EXERCISE = Dropping every picture, set down exactly the lines in the entries below, starting with the line with "Children's summer reading program poster" and going on through the line with "ancient bible illuminates".

SOURCE DATA =

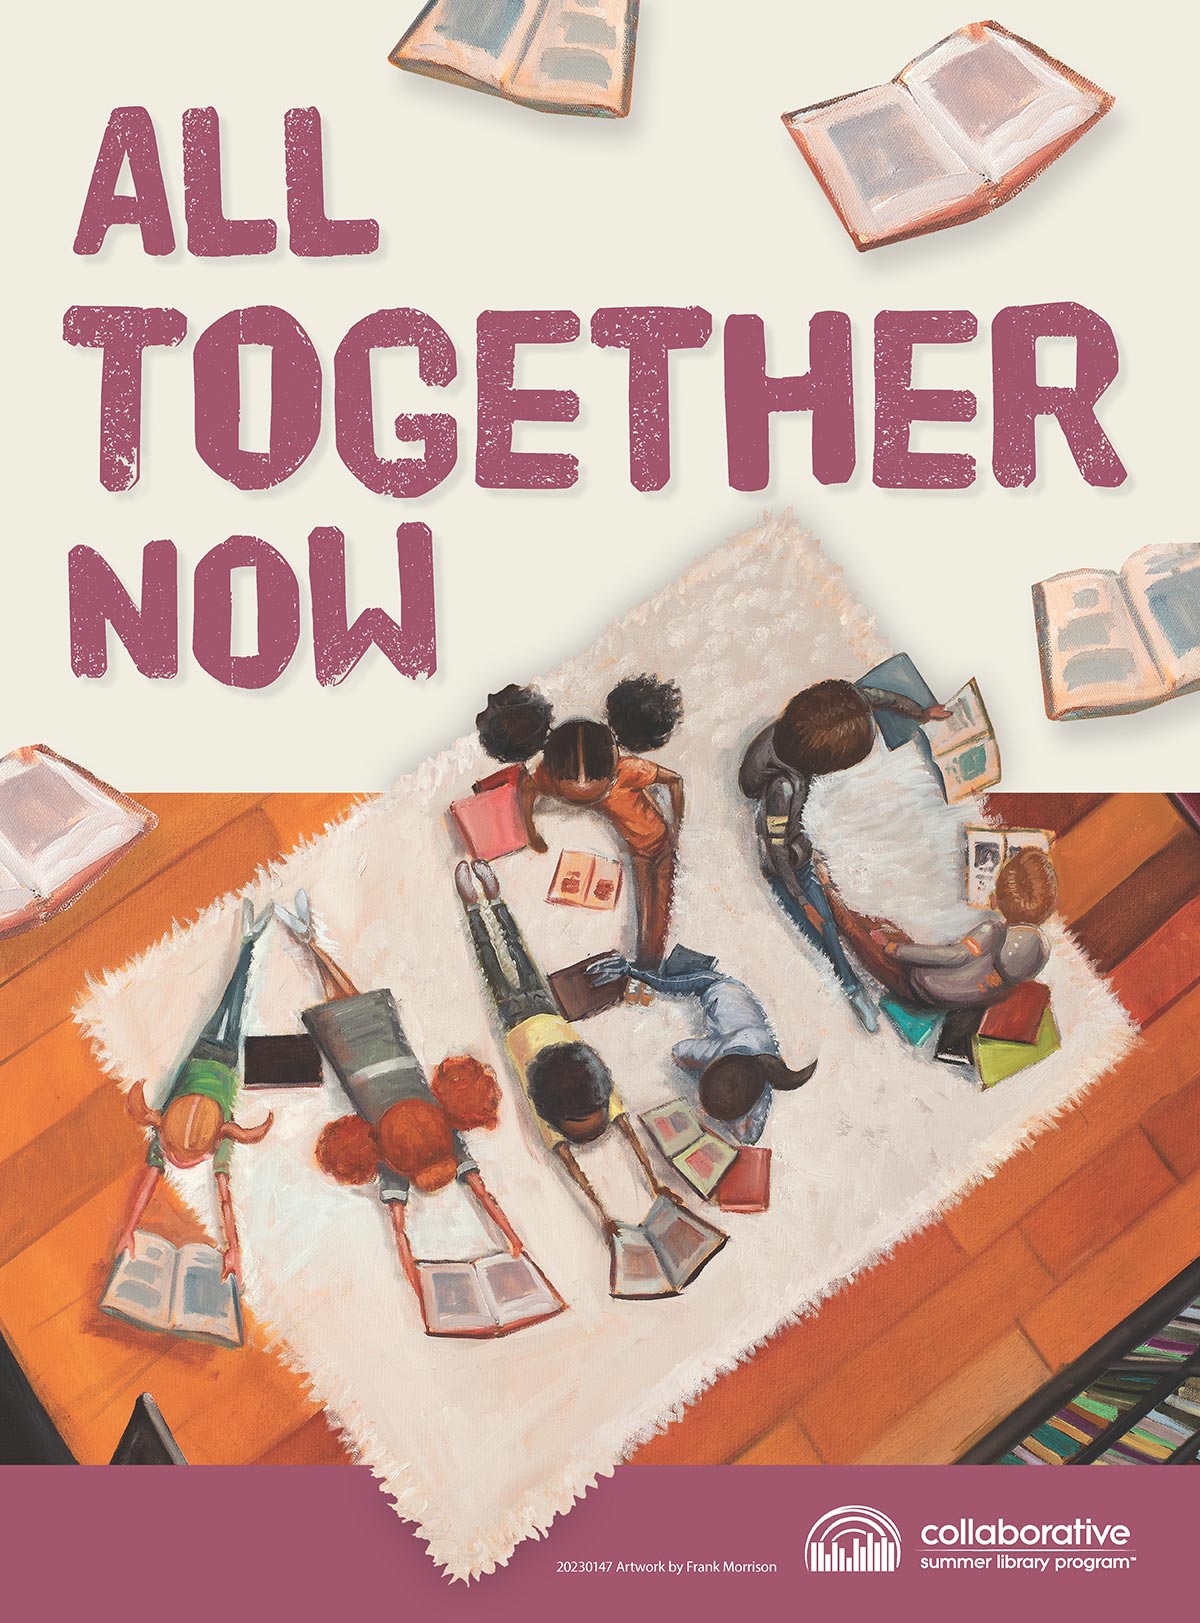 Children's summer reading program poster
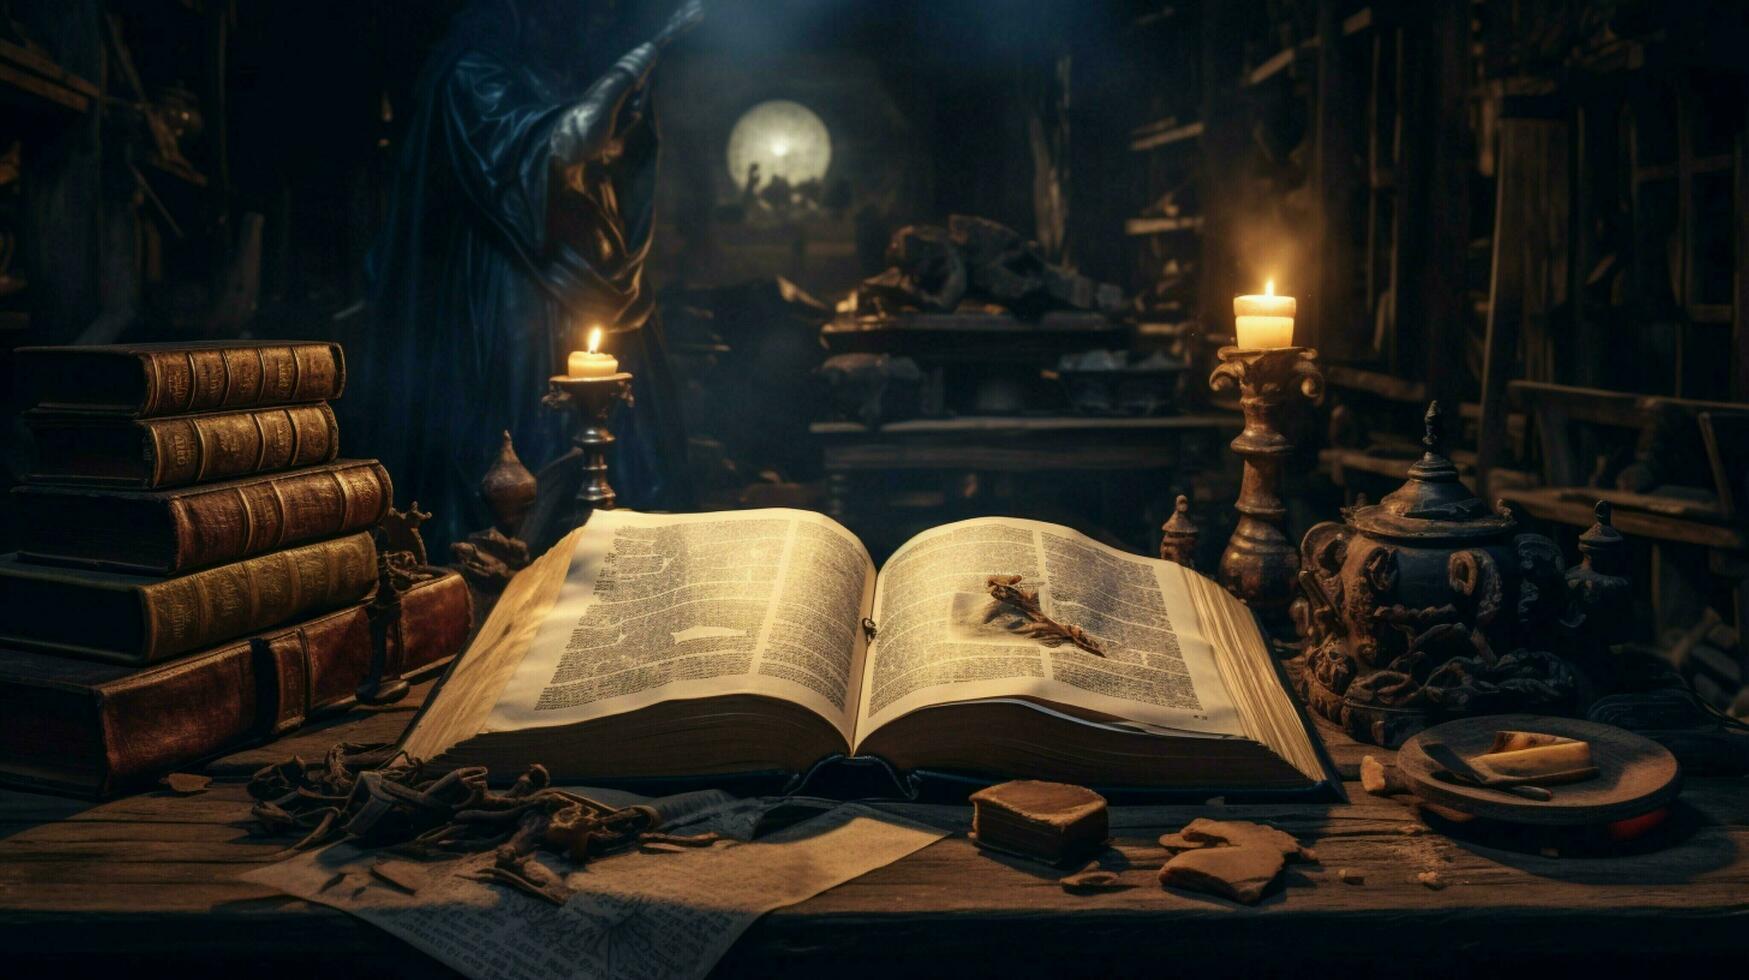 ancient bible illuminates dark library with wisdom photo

--

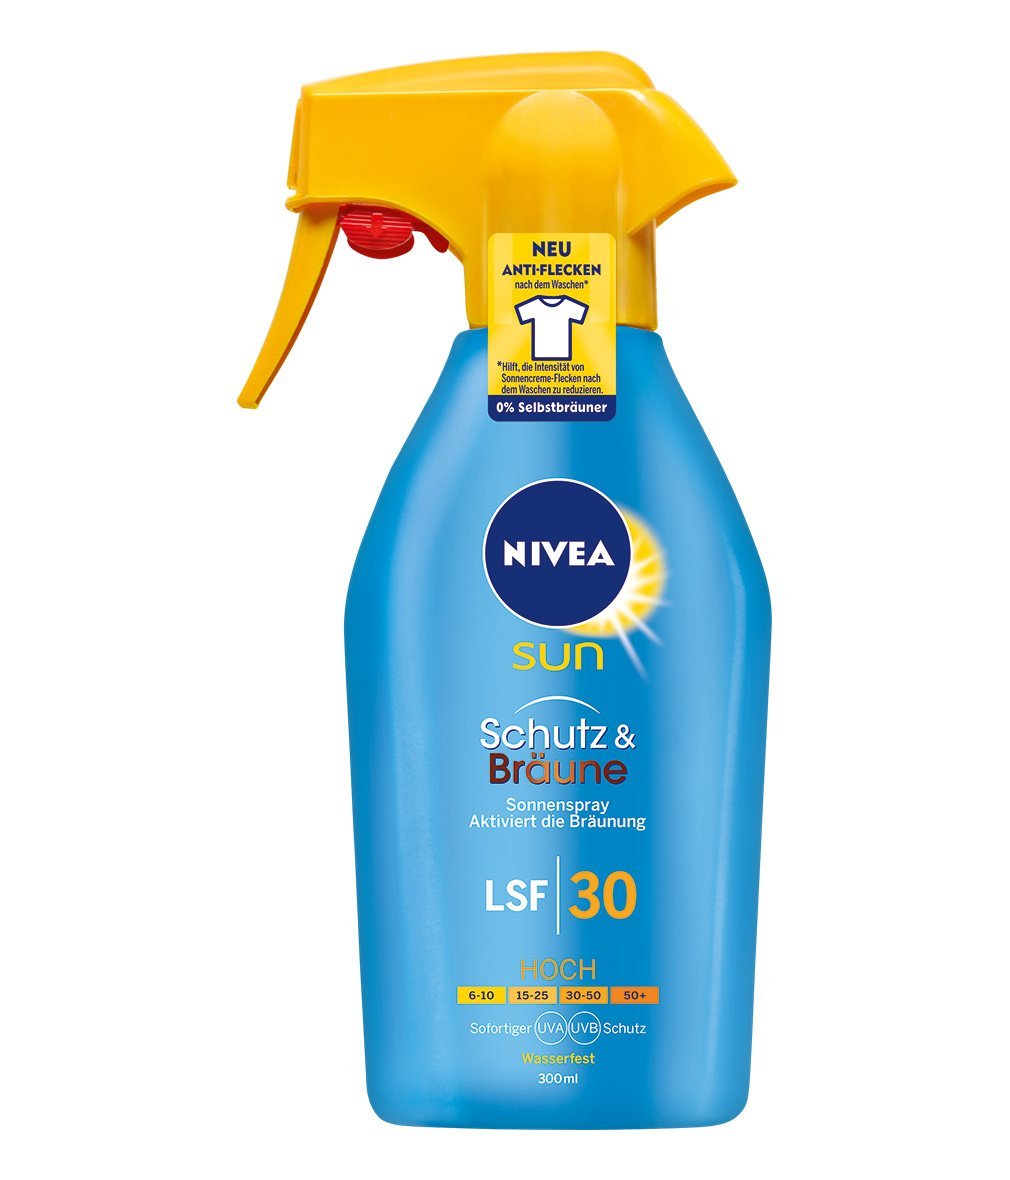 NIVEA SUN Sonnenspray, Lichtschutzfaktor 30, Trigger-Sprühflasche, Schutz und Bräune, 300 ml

==

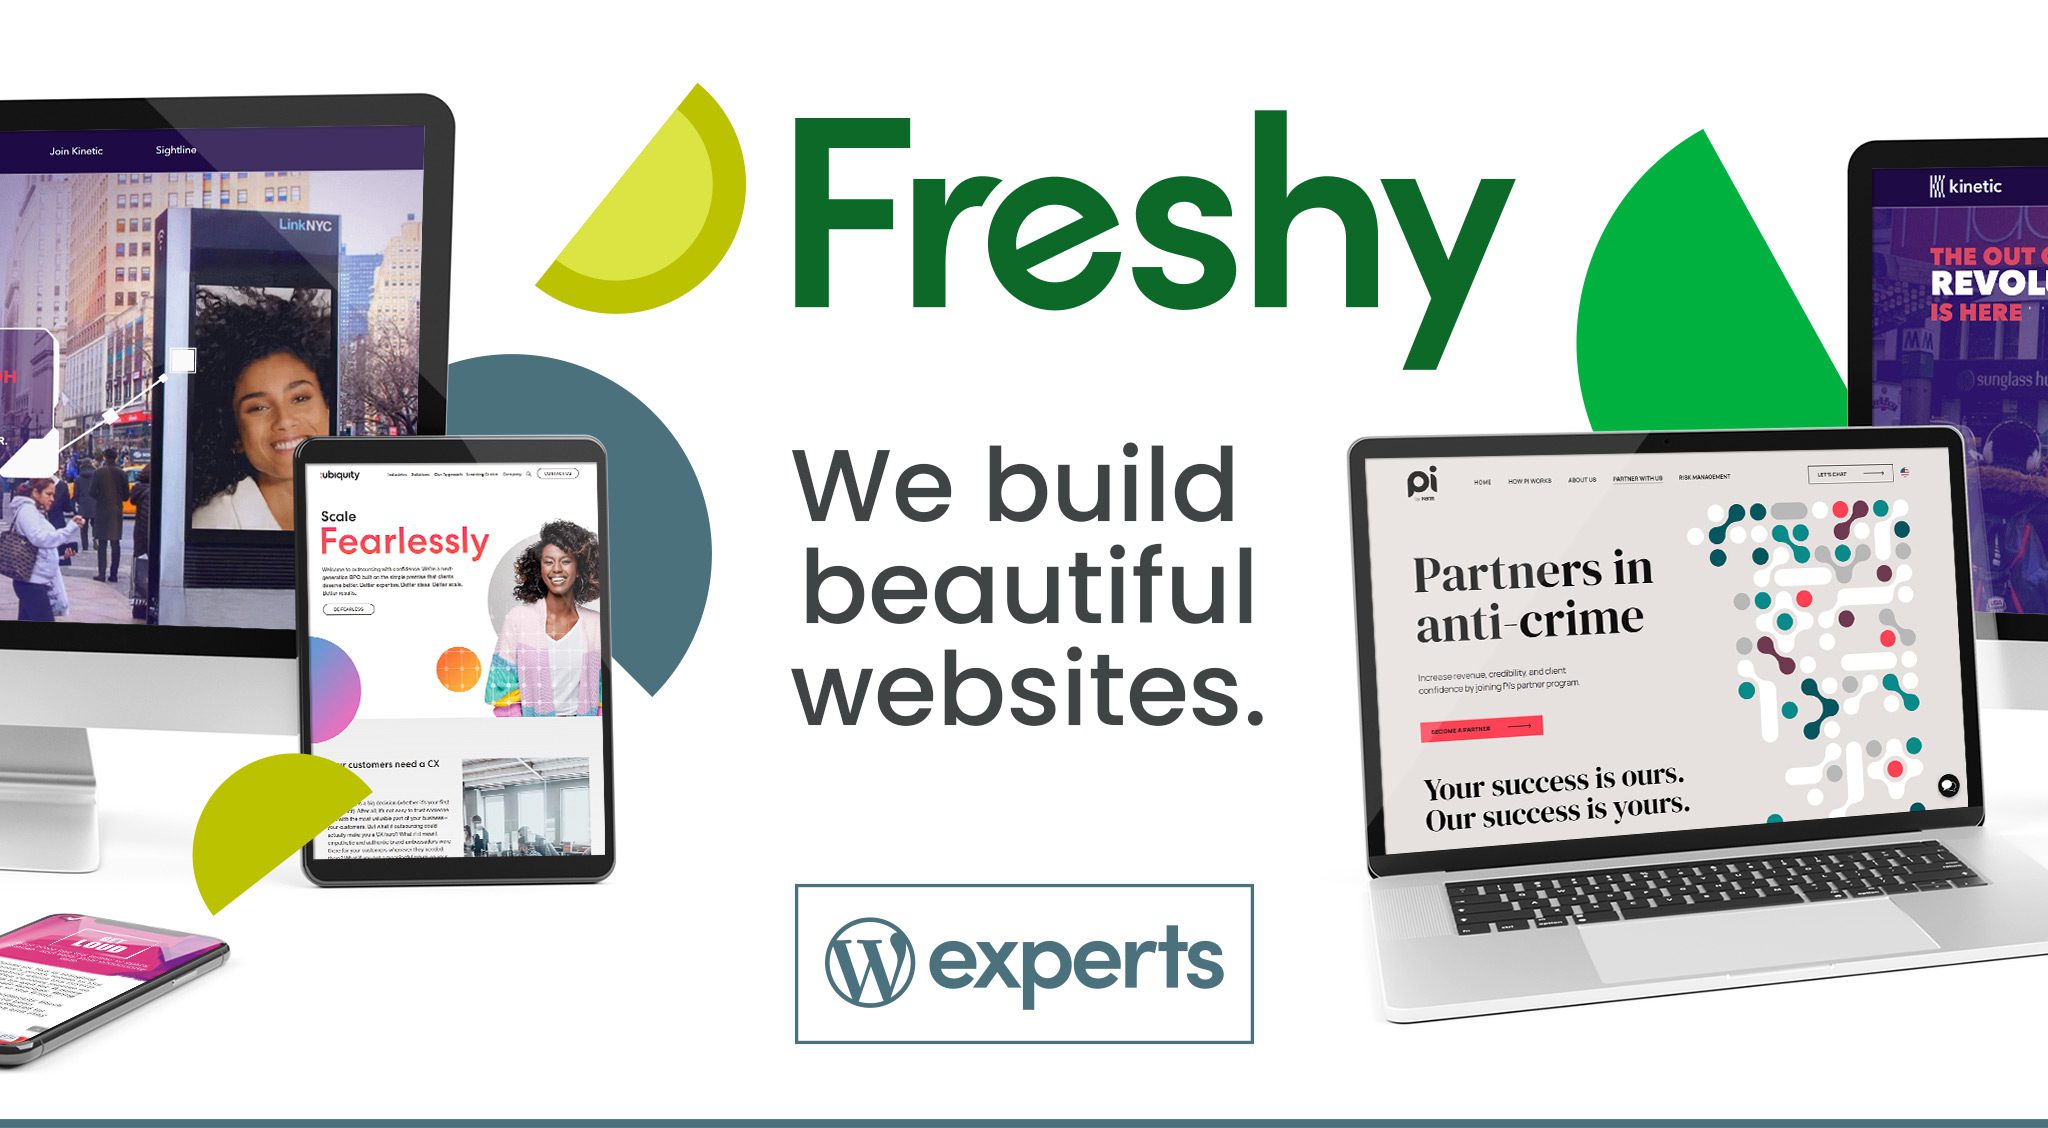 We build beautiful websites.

ANSWER TO THIS TASK =
 Children's summer reading program poster
 ancient bible illuminates dark library with wisdom photo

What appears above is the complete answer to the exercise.